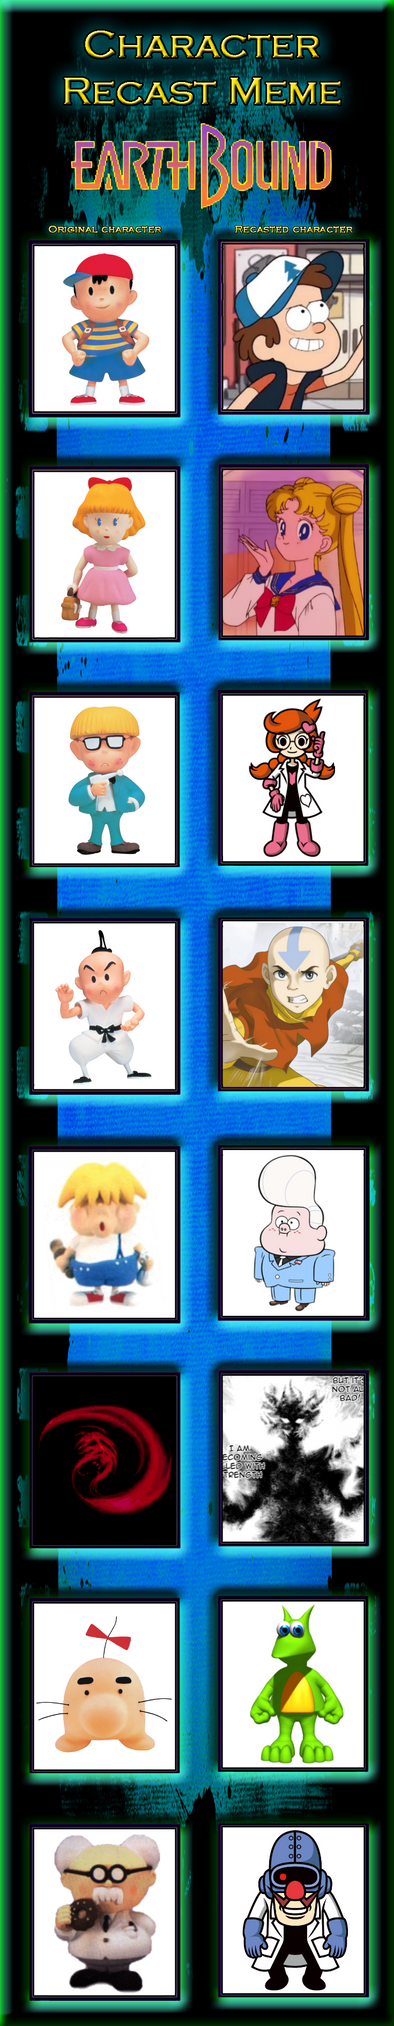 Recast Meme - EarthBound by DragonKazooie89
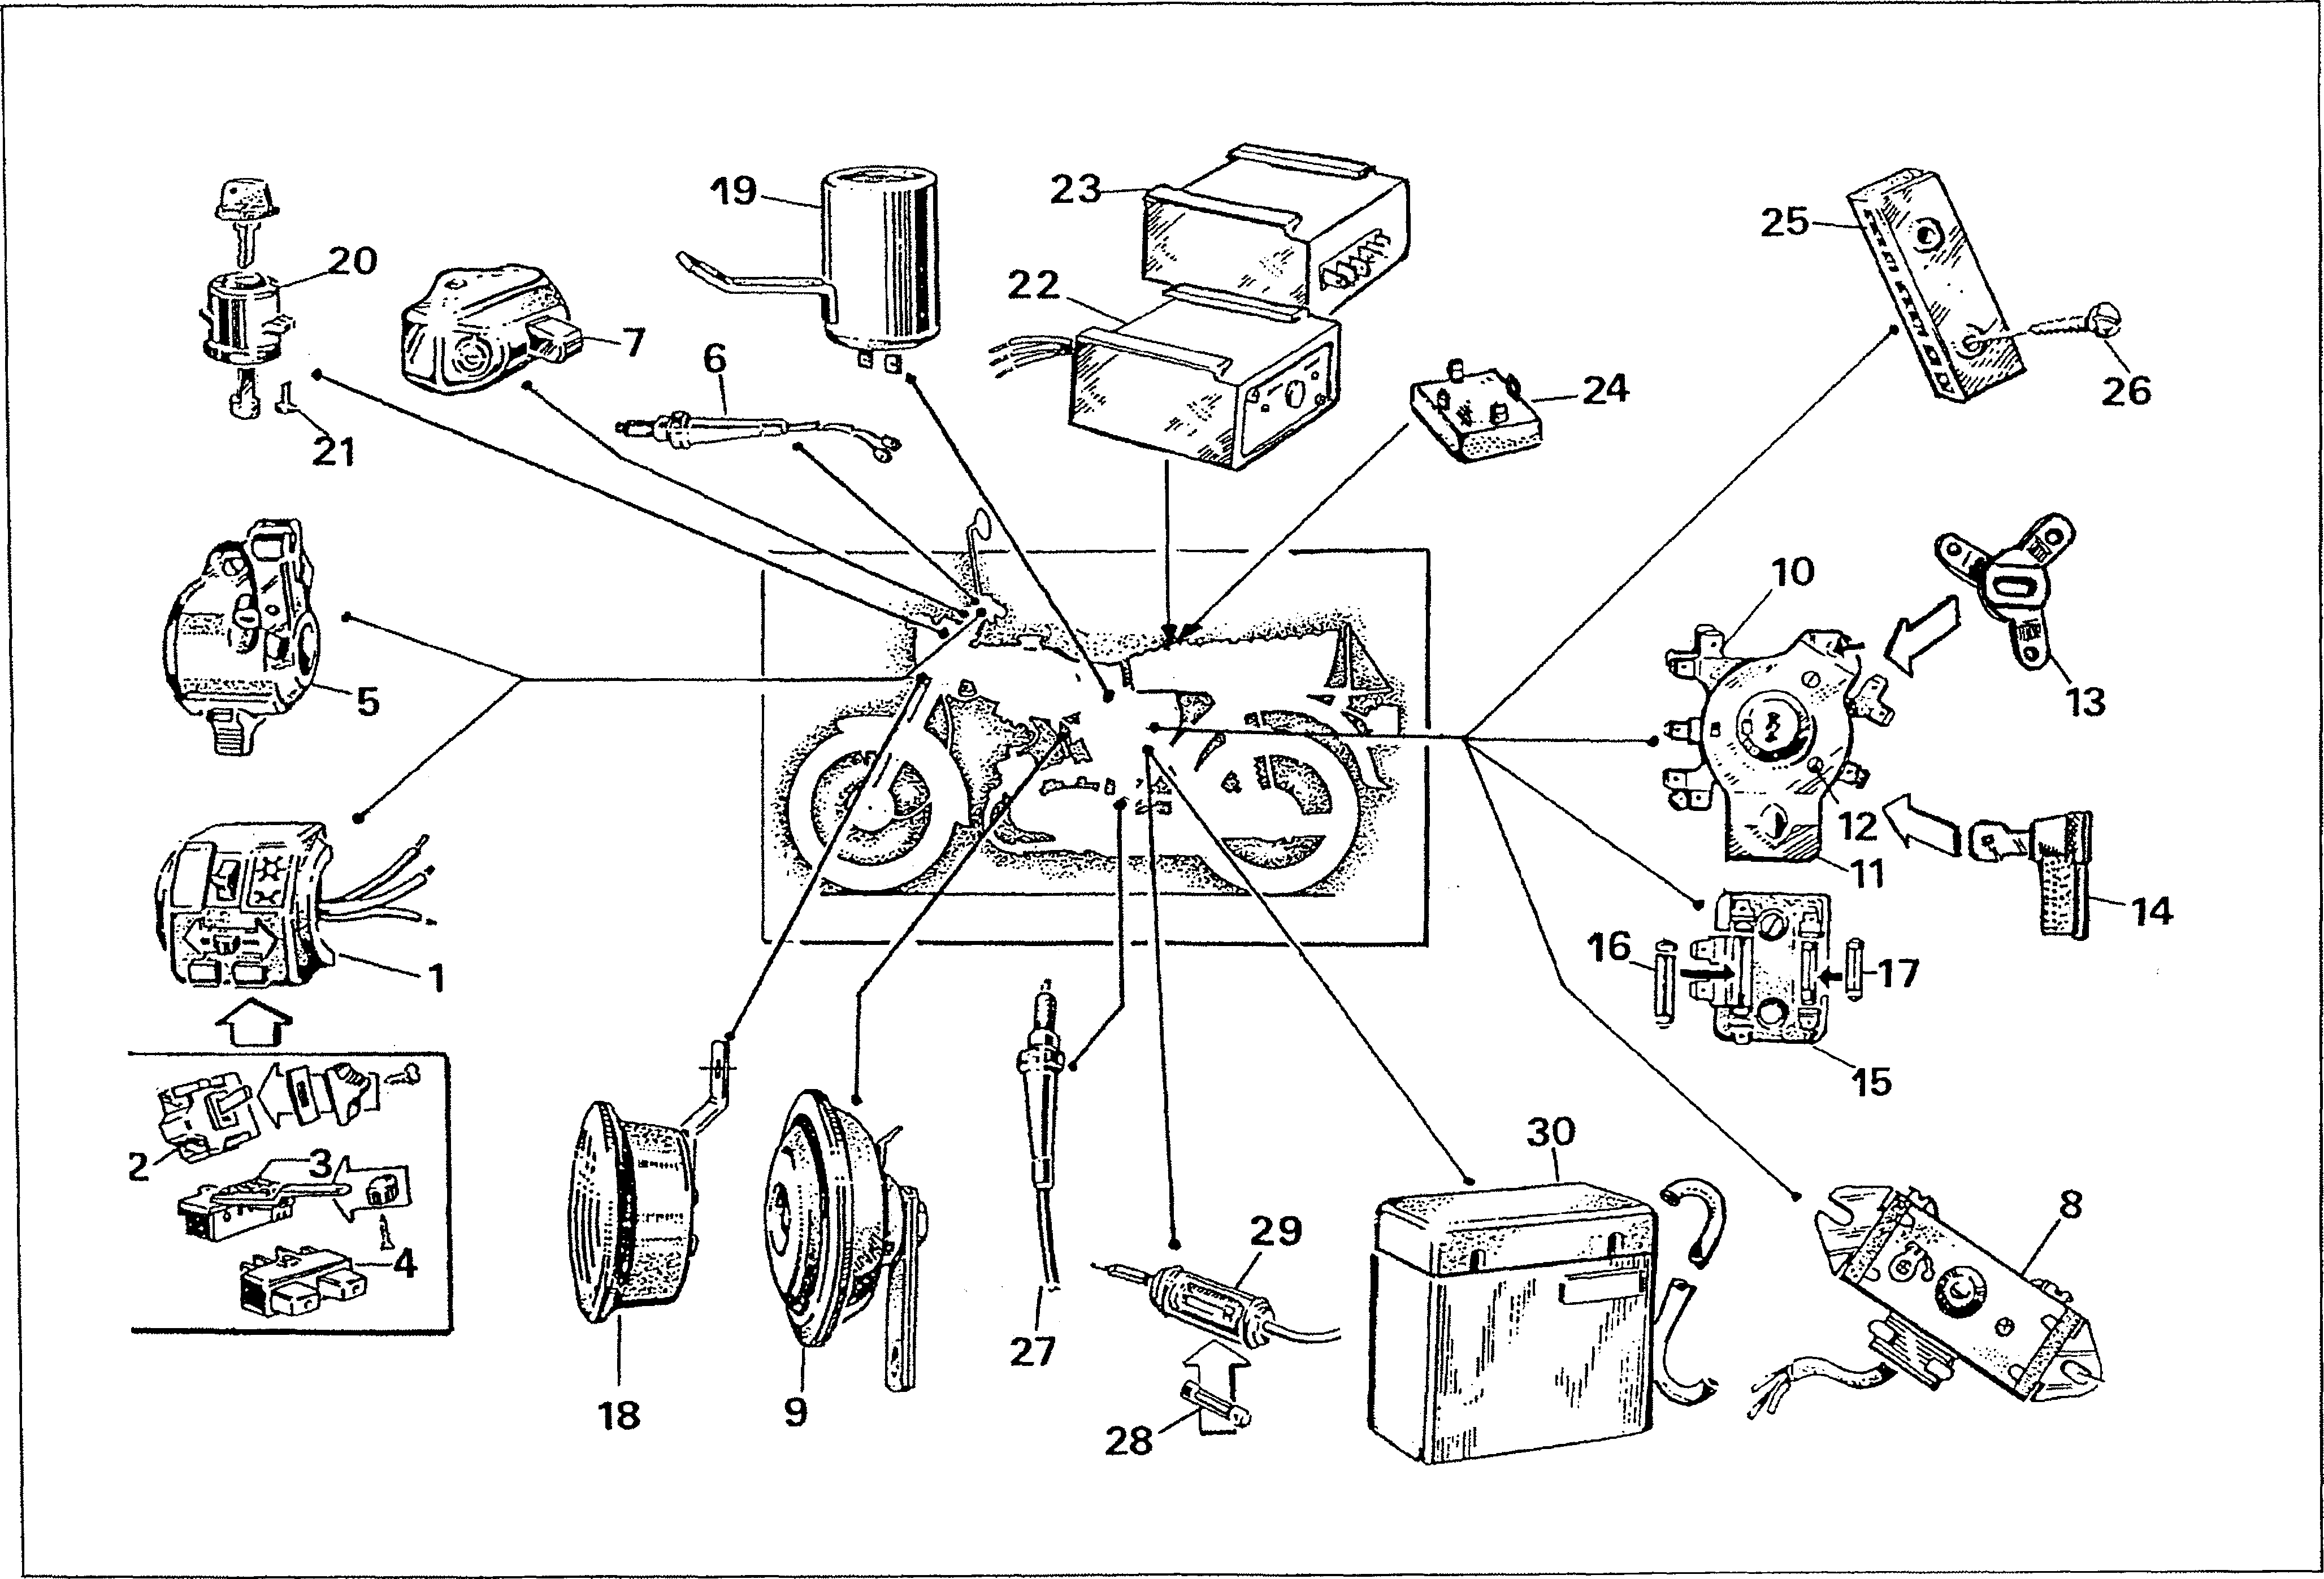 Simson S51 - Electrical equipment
--
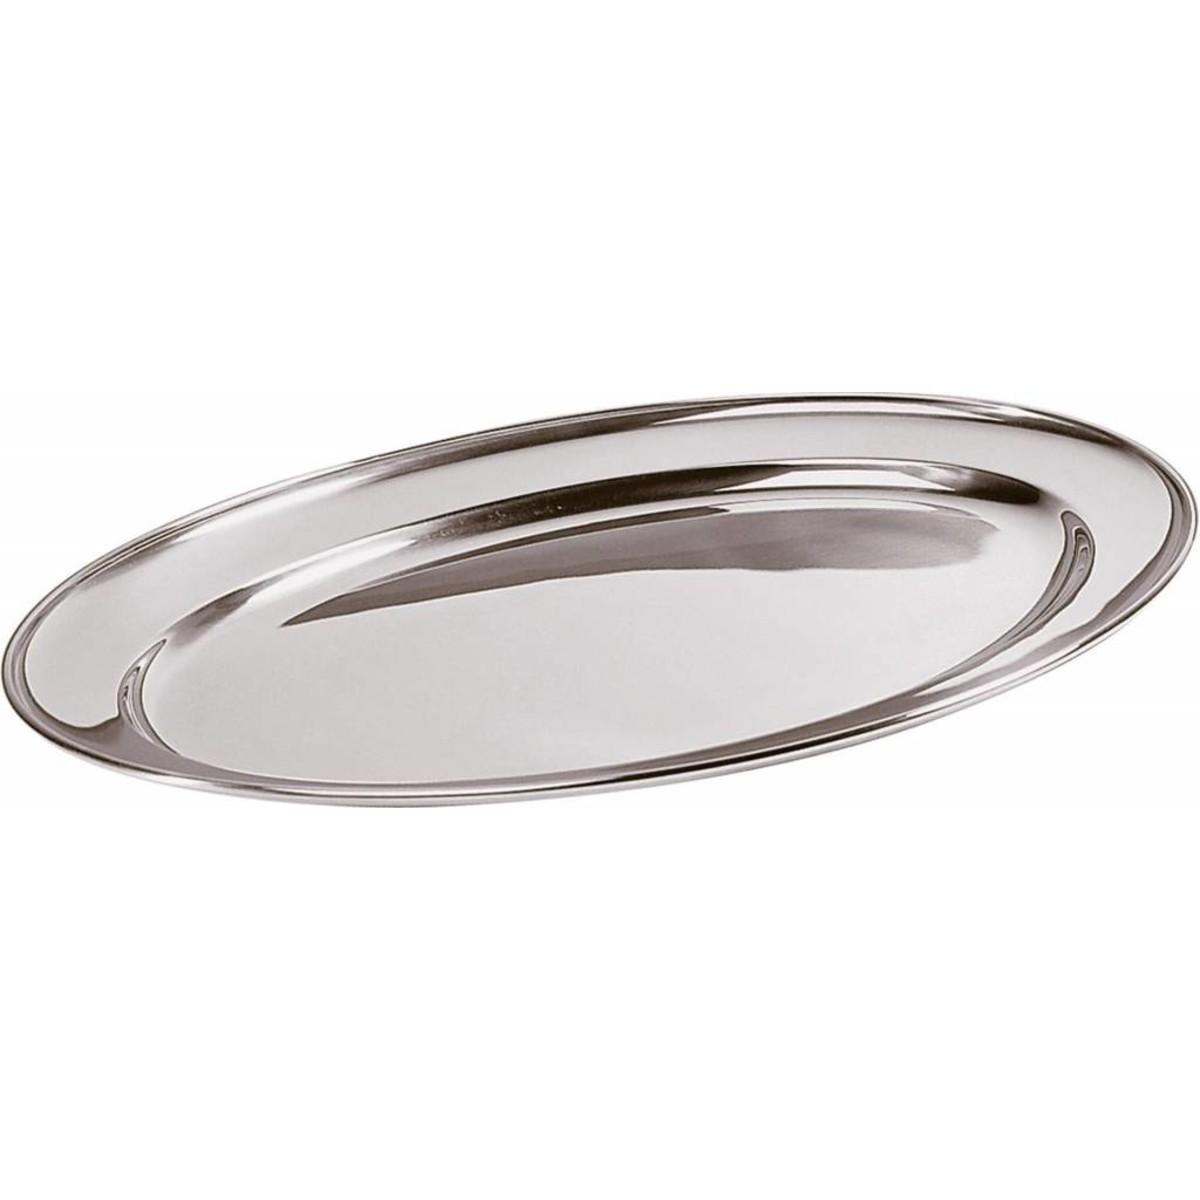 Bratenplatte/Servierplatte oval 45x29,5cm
* * *
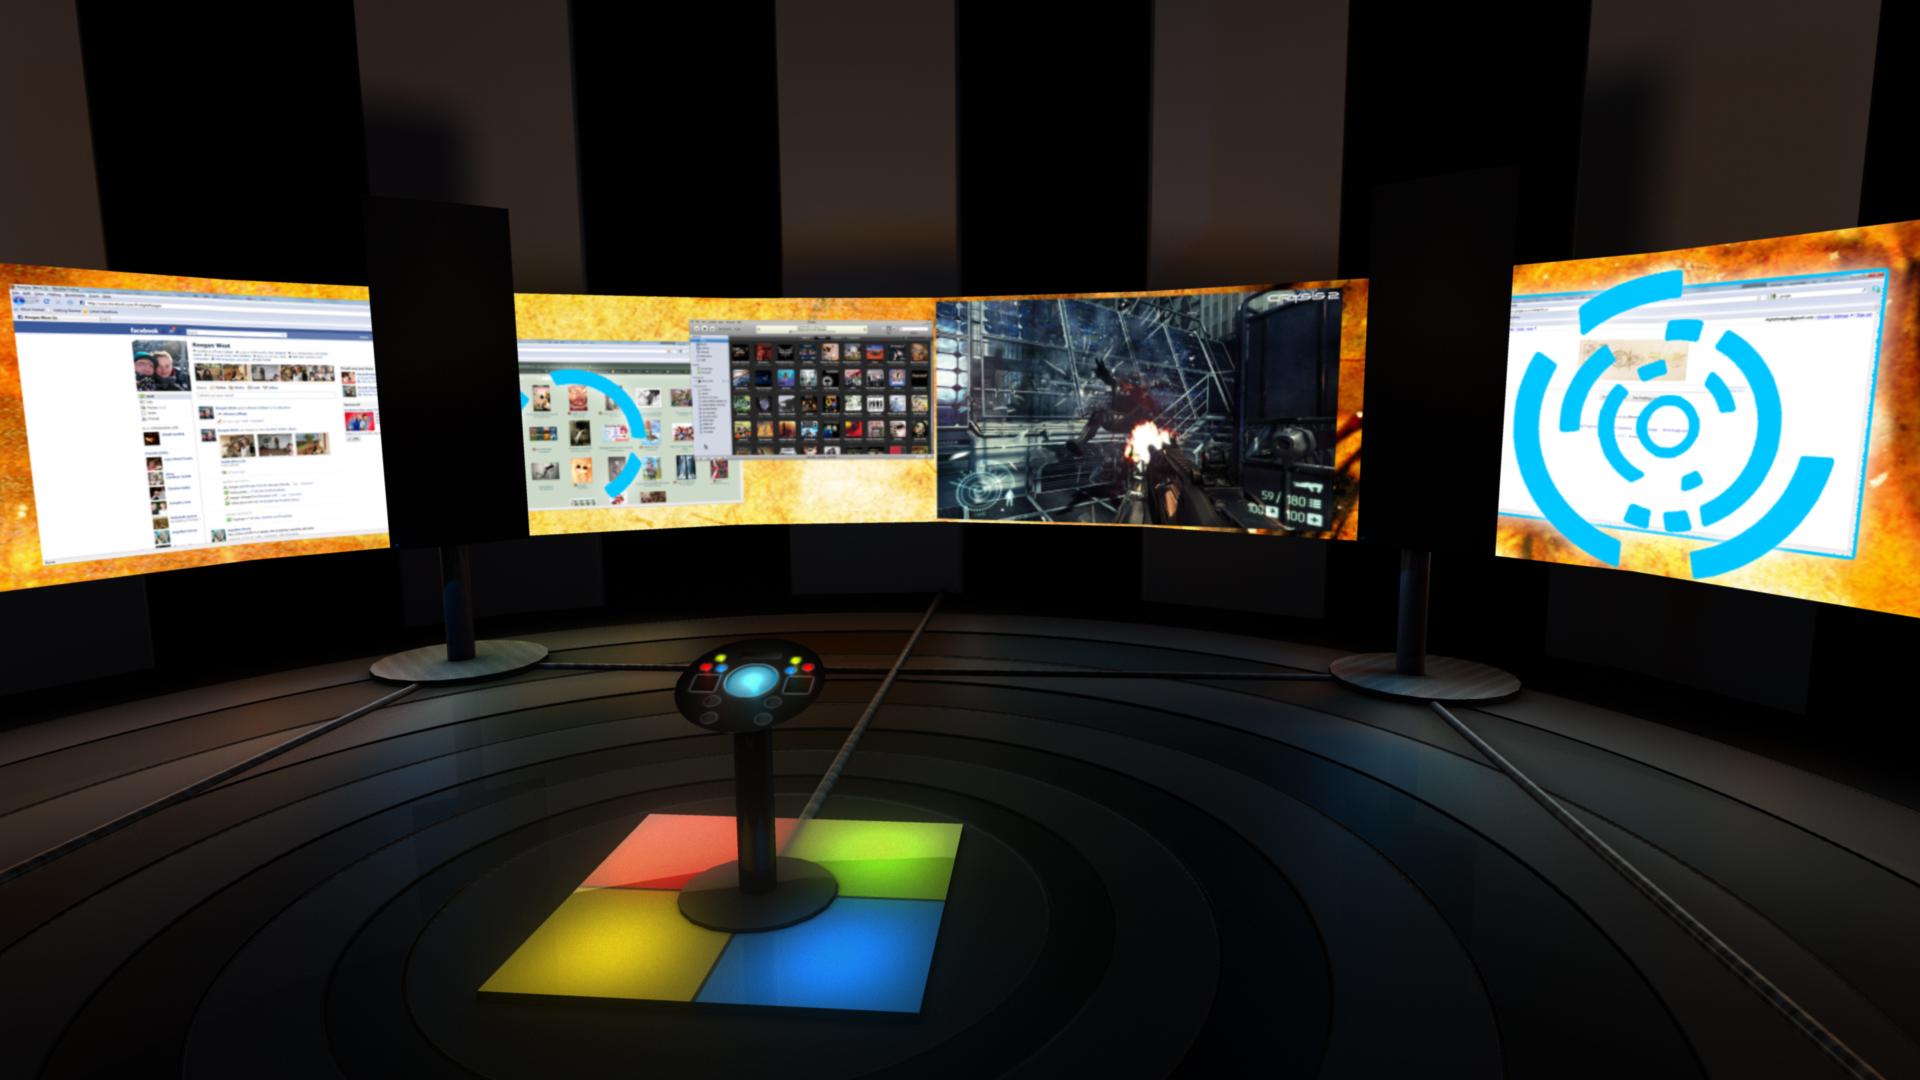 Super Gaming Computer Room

TASK DESCRIPTION: Reproduce the entries exactly, from the line with "Recast Meme - EarthBound by DragonKazooie89" to the line with "Simson S51 - Electrical equipment", both lines included, keeping no pictures.

EXERCISE RESULT:
 Recast Meme - EarthBound by DragonKazooie89
 Simson S51 - Electrical equipment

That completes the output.